Quite simply, this transformation will delete columns.  If you are only keeping a few columns, I recommend selecting “Delete all” and adding back in the few columns that you need.

Rename Columns

This will give you the chance to rename column headers.  In the imported data, there may be 2 columns named “Type”.   One is a type of machinery and the other is a Type of Payment.  You can rename these to be more specific by using this transformation.

Reorder Columns

This will put the data columns in a specific order.  This is especially useful if you are going to use a Concatenate Rows transform later on. In order to use it, you need the columns from multiple data sources to be in the same order.  It’s also helpful to reorder columns if you want to put your dimensions at the top of the data set and your filters are the end of the data set.

Split Columns

Split columns will allow you to take 1 column, and extract data to make multiple columns.  You may want to extract a part and lot number from 1 code, or be able to split up a column with someone’s full name into separate first and last name columns. This can be done three different ways:

  1. You can use a Delimiter, which is a way to separate the data. You specify the character that you would like to split the data on. Next, towards the bottom, you need to name the columns that you are creating, along with their data types. I would also recommend checking the box that says “Retain Original Column,” if you will need the original column for something in the future.
  2. Set columns based on fixed position of data. This can only be done if the data is consistently in the same format. Years set at YYYY/MM/DD, etc. In this example, the ManufacturerID is 39056-994. Specify that the Part_Number is 39056 and the Lot_Number is 994, excluding the -, because it is not needed.

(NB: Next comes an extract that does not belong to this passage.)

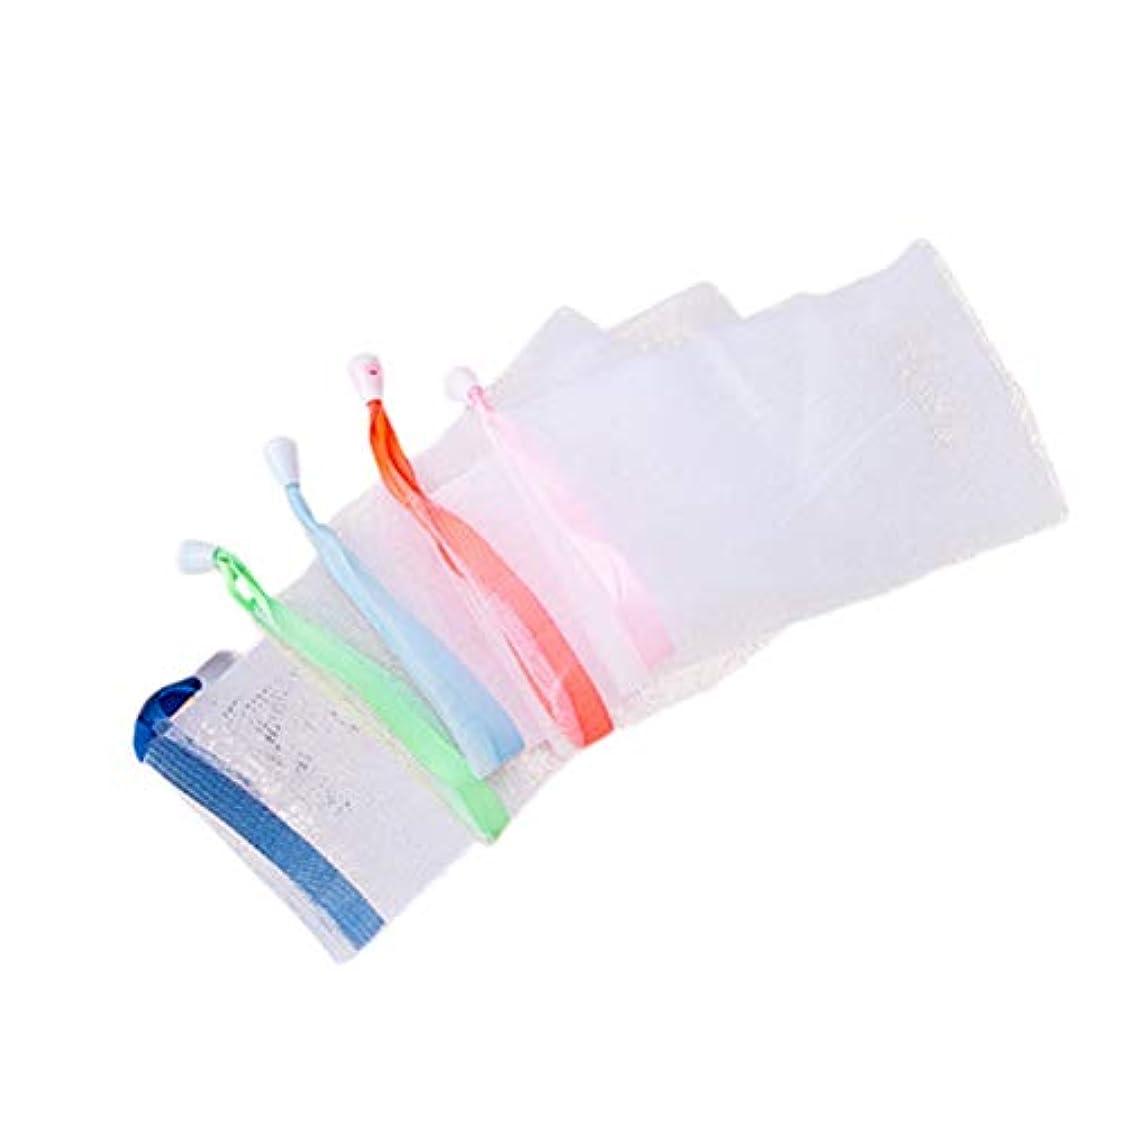 申込み維持する面白いHEALIFTY 9pcsを洗う表面のための多彩な石鹸袋の泡立つ純袋の石鹸の泡ネット袋
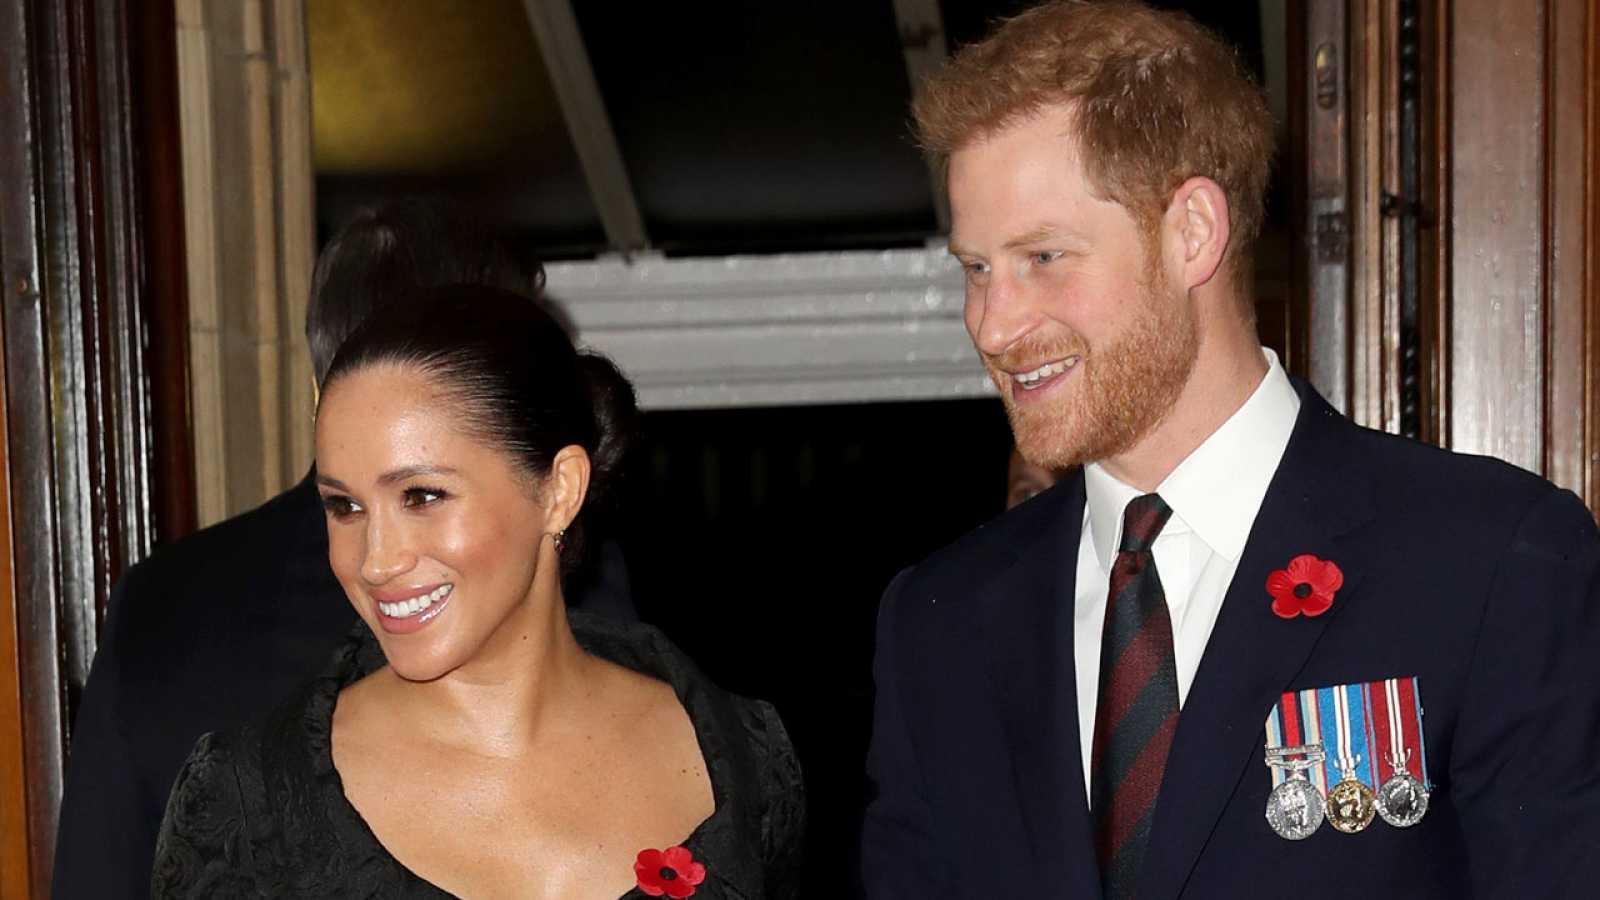 Los secretos del príncipe Harry y Meghan Markle que desvela su biografía

  3. Use Regular Expressions. If you are familiar with Regular Expressions, you will be able to enter more complicated expressions to split the data.  For example, to split a cell based on a Space, you can use the RegEx (.+)\s(.+).  For this example, there might be a Company Name and City and you want to separate them out.

Read Next: Data Analysis with iDashboards Expressions

Combine Columns

This will do the opposite and allow you to bring 2 columns together.  For example, LastName and FirstName columns can be combined to create a Full_Name column.

This can be done two ways:

  1. The first is Delimited, where you specify the character to separate the values.
  2. The second way is to create a template that will be allied to the new column. A good reason to do this is that you may want to have a space after the comma in the Full_Name column.

 

Aggregate Columns

Aggregating columns allows you to sum, average, get the minimum number, the maximum number, or a count of what is in the data set.

Change Case

This allows you to set the case of a column, for text-based columns.  The options are:

  • UPPERCASE
  • lowercase
  • Title Case

This could come in handy with your Full_Name field created earlier.  We can specifiy it as title case and automatically have a properly formatted name.

Change Data Type

This node will take a column of data and convert it to another data type. The destination data types are string, number, and date-time.  This is particularly helpful if you are using CSV as a data source, as their files all come into Data Hub as a string.  This will allow you to set all of the columns properly.

Truncate Dates

This is the tool you can use to either extract year, month, date, hour, minute, week, quarter, fiscal year, or fiscal quarter.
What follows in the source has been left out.